For non-pedantic mode, we accept as 2nd+ char in identifiers a union
of valid characters in all supported modes, but for the 1st char it
was actually pedantically requiring that it is not any of the characters
that may not appear in the currently chosen standard as the first
character.
This patch changes it such that also what is allowed at the start of an
identifier is a union of characters valid at the start of an identifier
in any of the pedantic modes.
2021-09-01 Jakub Jelinek <jakub@redhat.com>
PR c++/100977
libcpp/
* include/cpplib.h (struct cpp_options): Add cxx23_identifiers.
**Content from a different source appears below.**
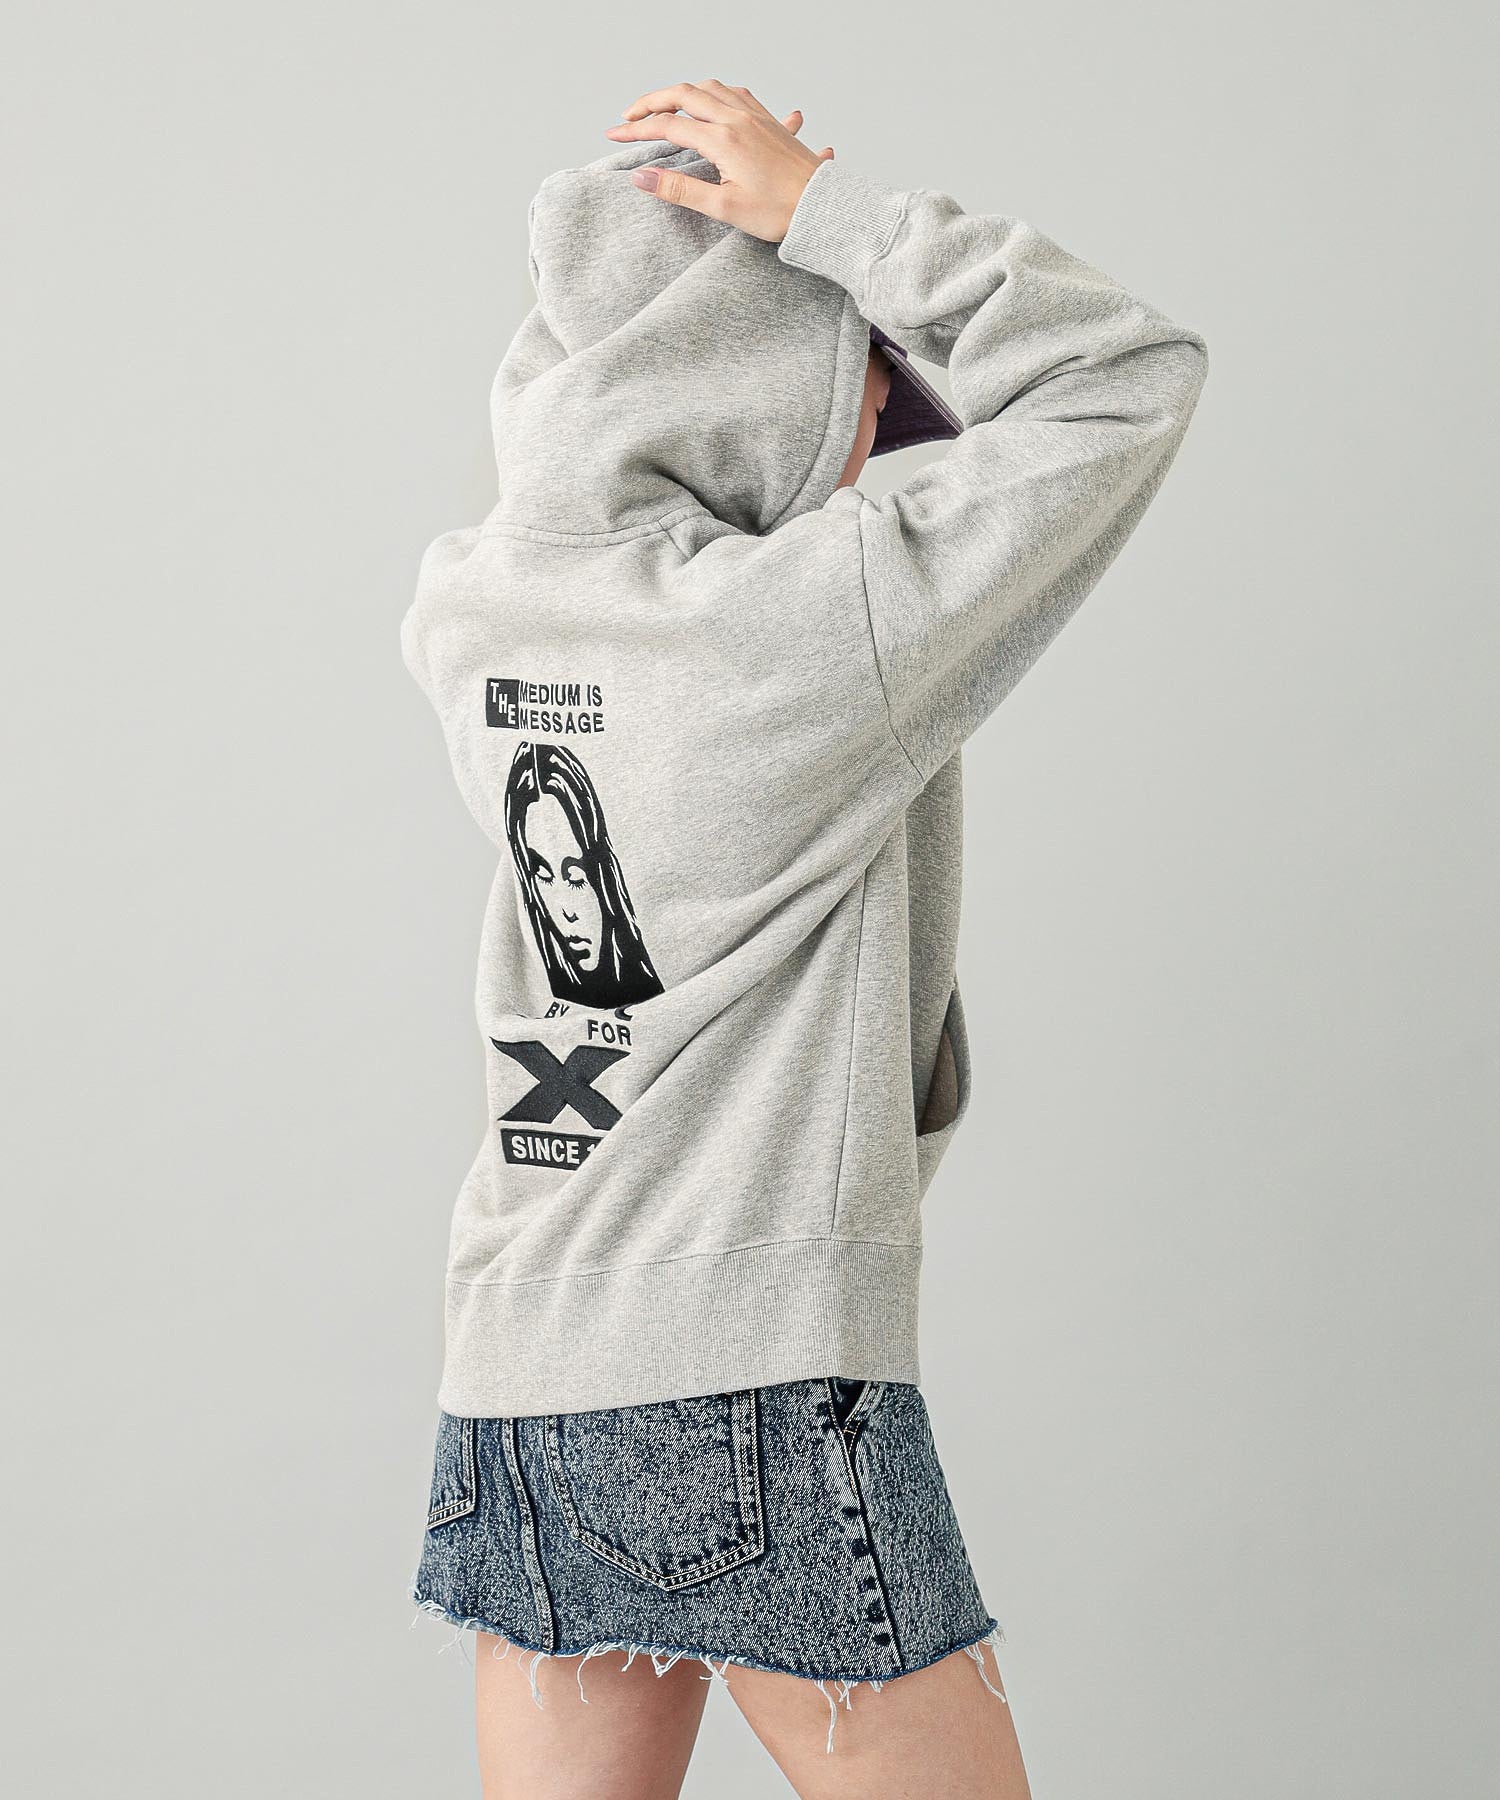 BY X-GIRL FOR X ZIP UP SWEAT HOODIE

* charset.c (CXX23, NXX23): New enumerators.
(CID, NFC, NKC, CTX): Renumber.
(ucn_valid_in_identifier): Implement P1949R7 - use CXX23 and
NXX23 flags for cxx23_identifiers. For start character in
non-pedantic mode, allow characters that are allowed as start
characters in any of the supported language modes, rather than
disallowing characters allowed only as non-start characters in
current mode but for characters from other language modes allowing
them even if they are never allowed at start.
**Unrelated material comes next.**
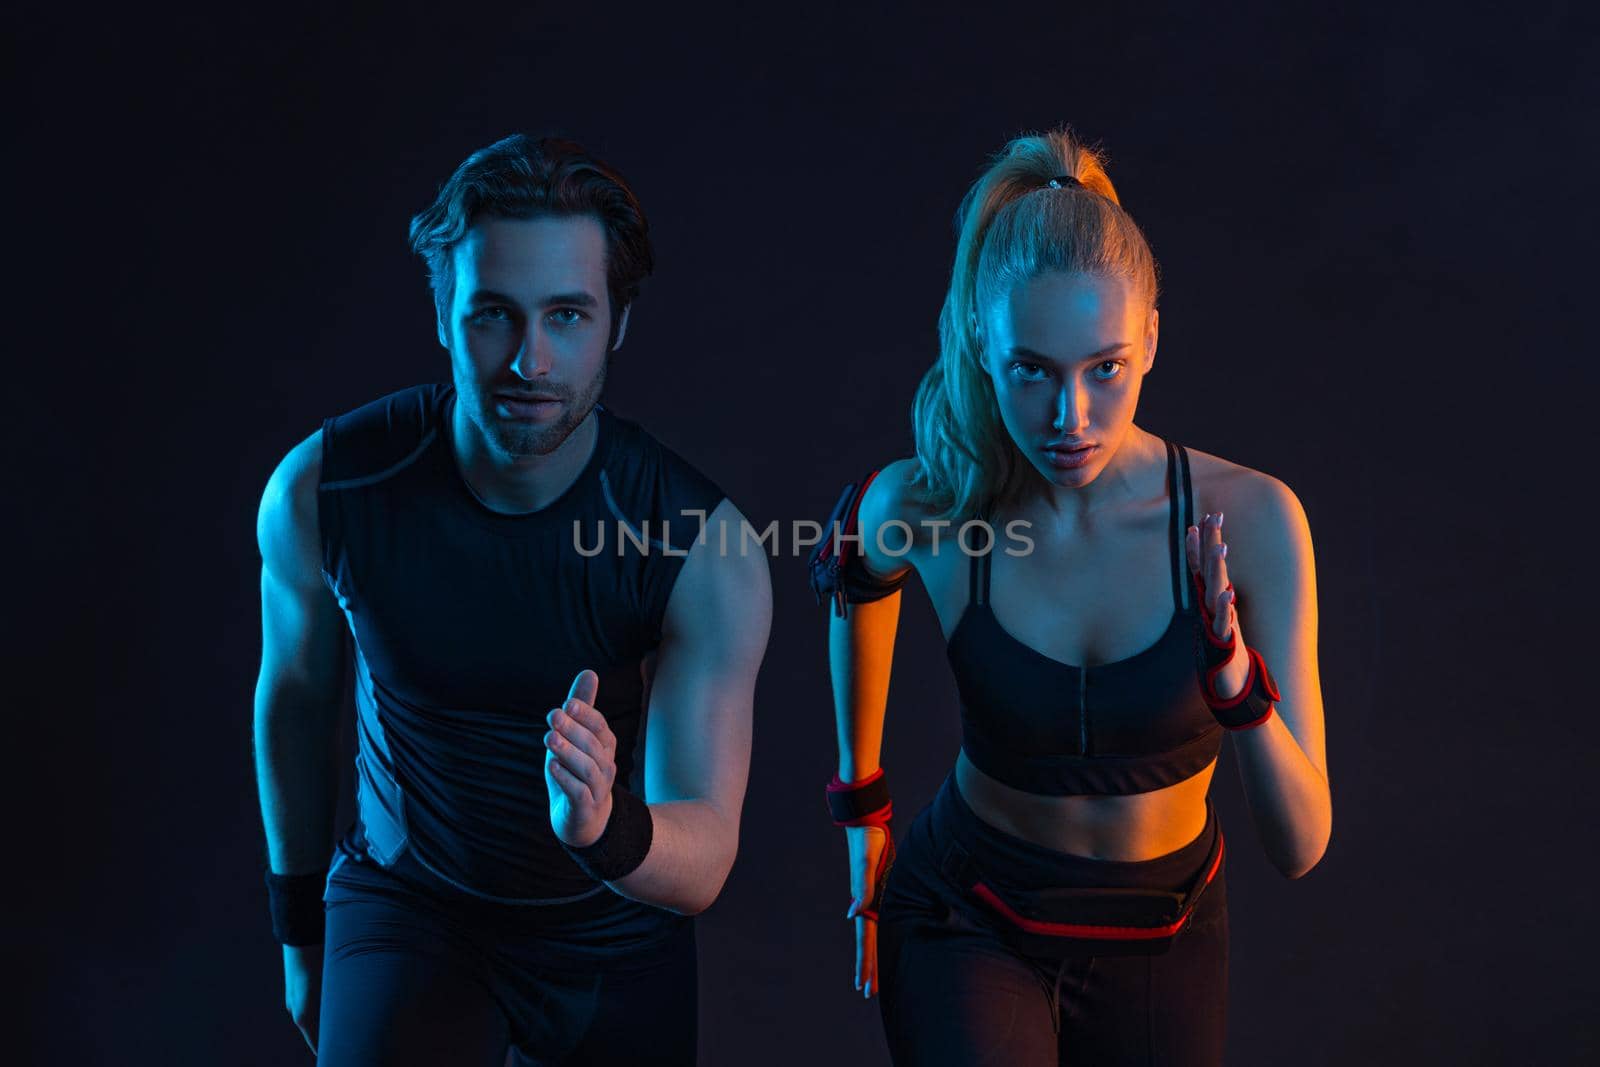 Sprinter run. Strong athletic woman and man running on black background wearing in the sportswear. Fitness and sport motivation. Runner concept. by MikeOrlov

* init.c (struct lang_flags): Add cxx23_identifiers.
(lang_defaults): Add cxx23_identifiers column.
(cpp_set_lang): Initialize CPP_OPTION (pfile, cxx23_identifiers).
* lex.c (warn_about_normalization): If cxx23_identifiers, use
cpp_pedwarning_with_line instead of cpp_warning_with_line for
"is not in NFC" diagnostics.
* makeucnid.c: Adjust usage comment.
(CXX23, NXX23): New enumerators.
(all_languages): Add CXX23.
(not_NFC, not_NFKC, maybe_not_NFC): Renumber.
(read_derivedcore): New function.
(write_table): Print also CXX23 and NXX23 columns.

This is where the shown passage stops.